#### DATA SHOWN

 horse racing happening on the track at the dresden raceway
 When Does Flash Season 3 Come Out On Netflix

########
#### DATA SHOWN

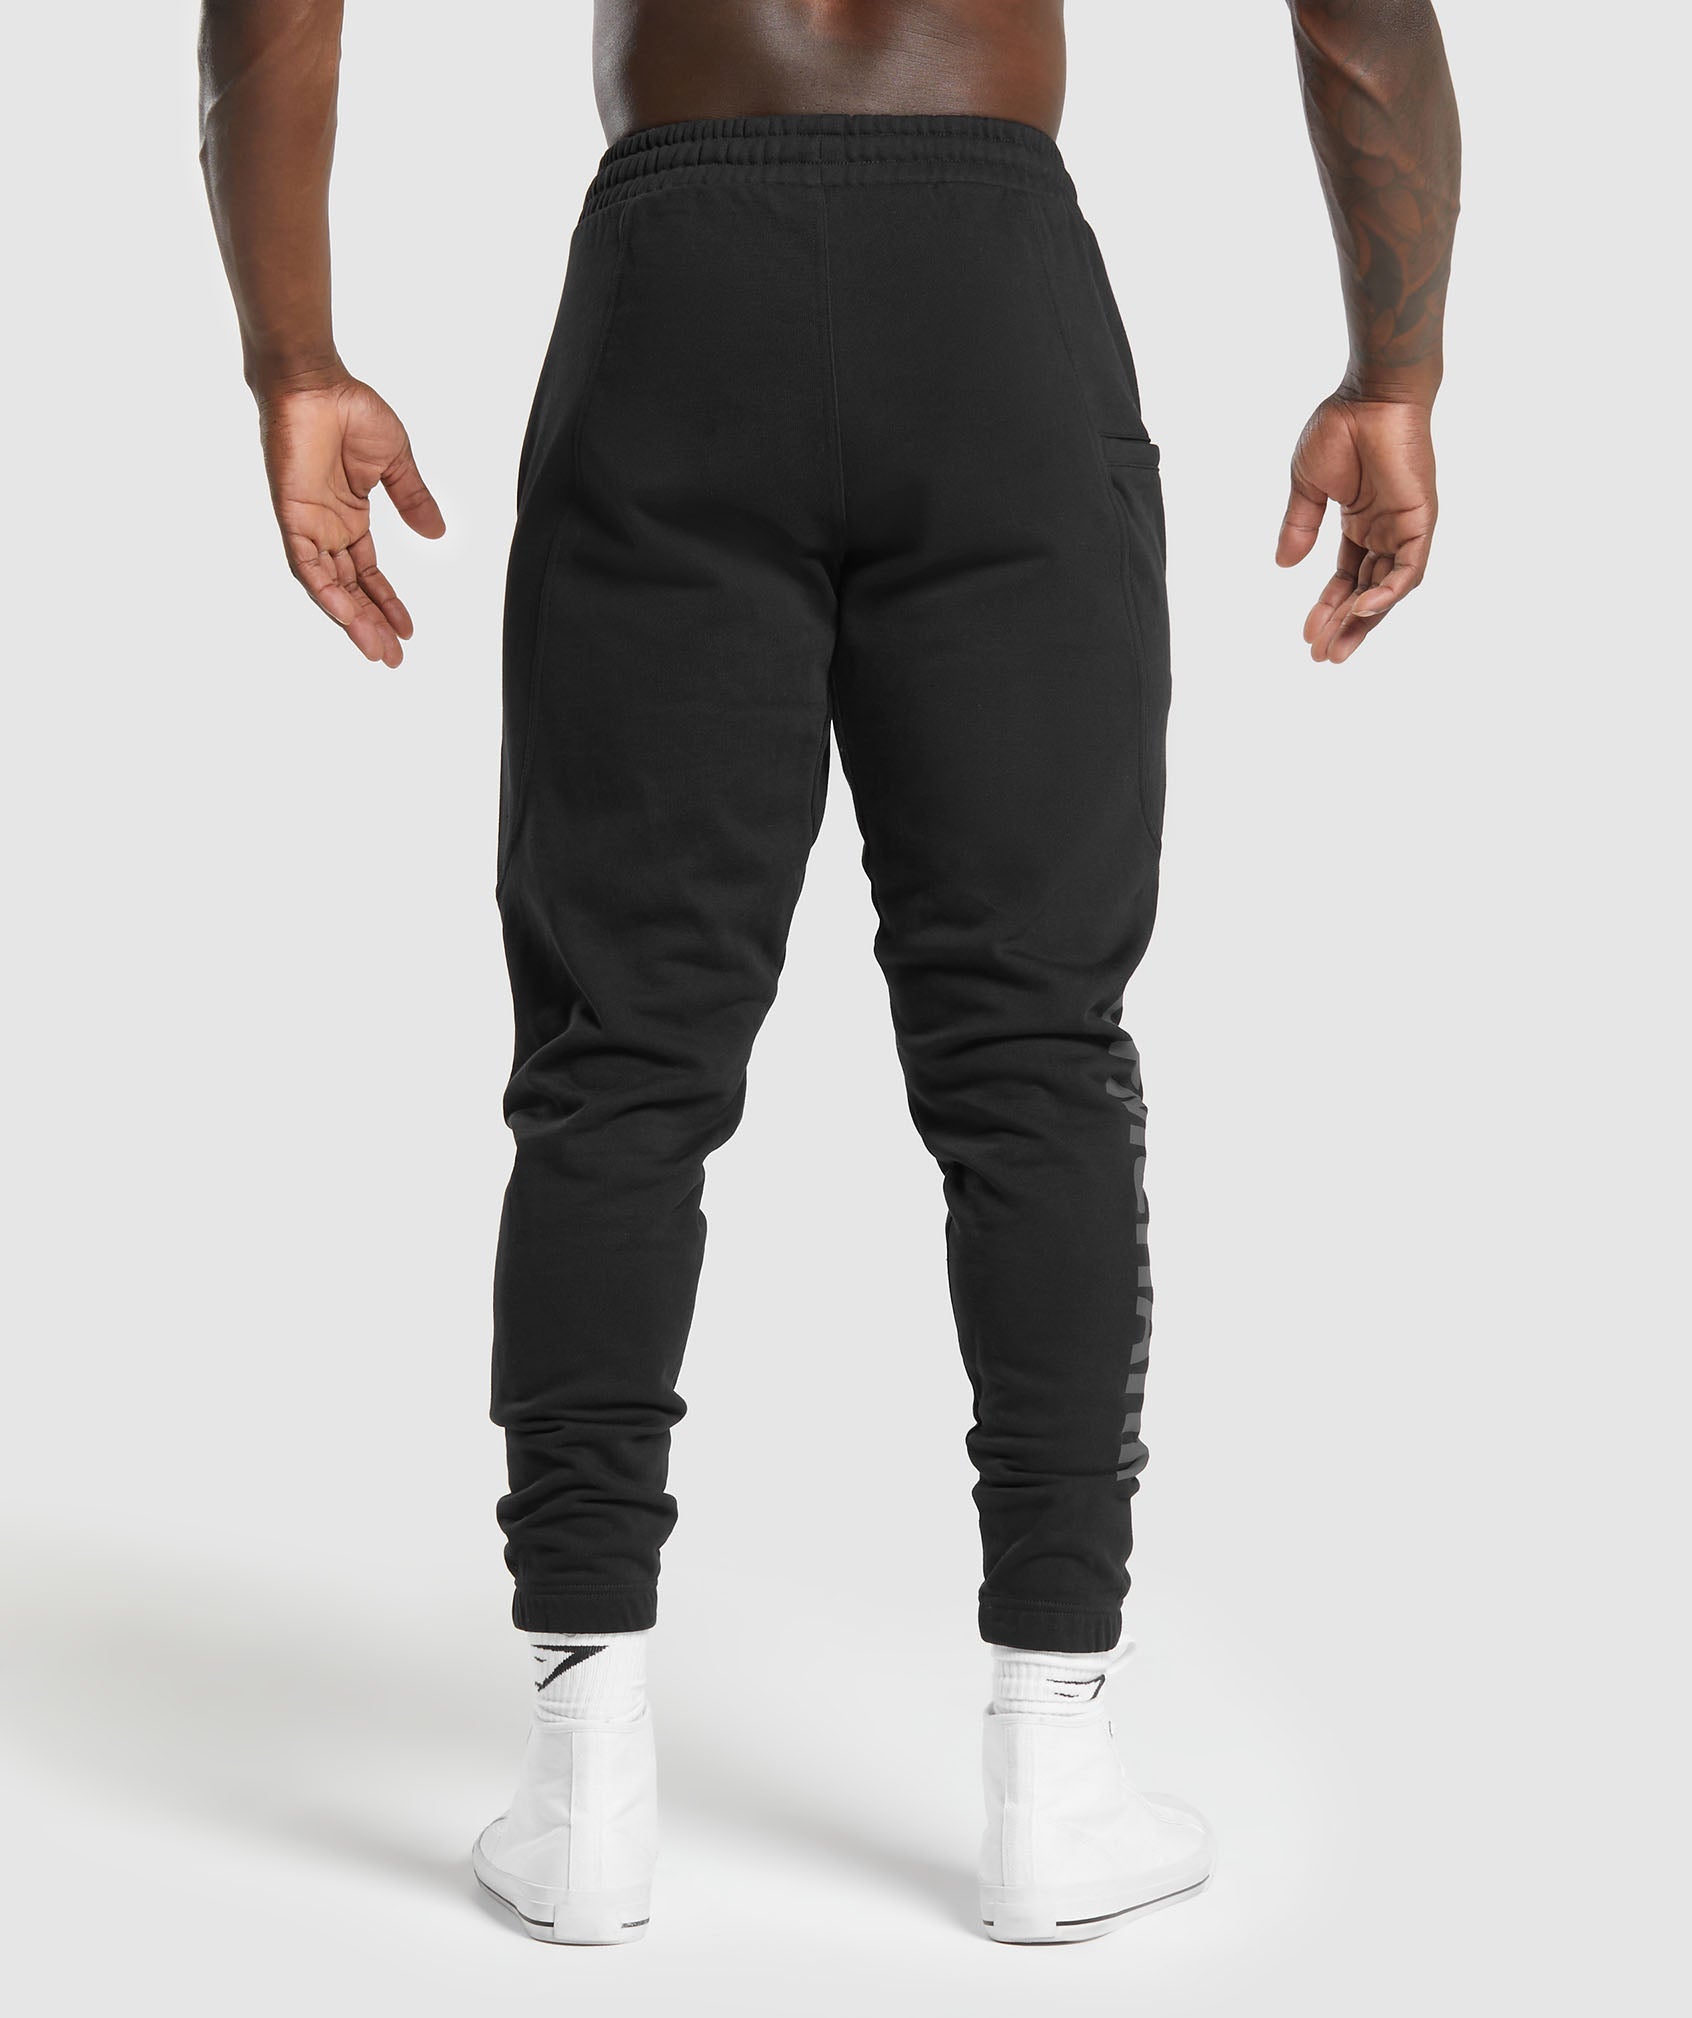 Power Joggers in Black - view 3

########

WHAT IS NEEDED =
Exactly the lines above from the one with "horse racing happening" to the one with "When Does Flash Season 3 Come Out On Netflix", both included, are to be quoted; leave the rest out.

RESPONSE FOR THIS EXERCISE =
 horse racing happening on the track at the dresden raceway
 When Does Flash Season 3 Come Out On Netflix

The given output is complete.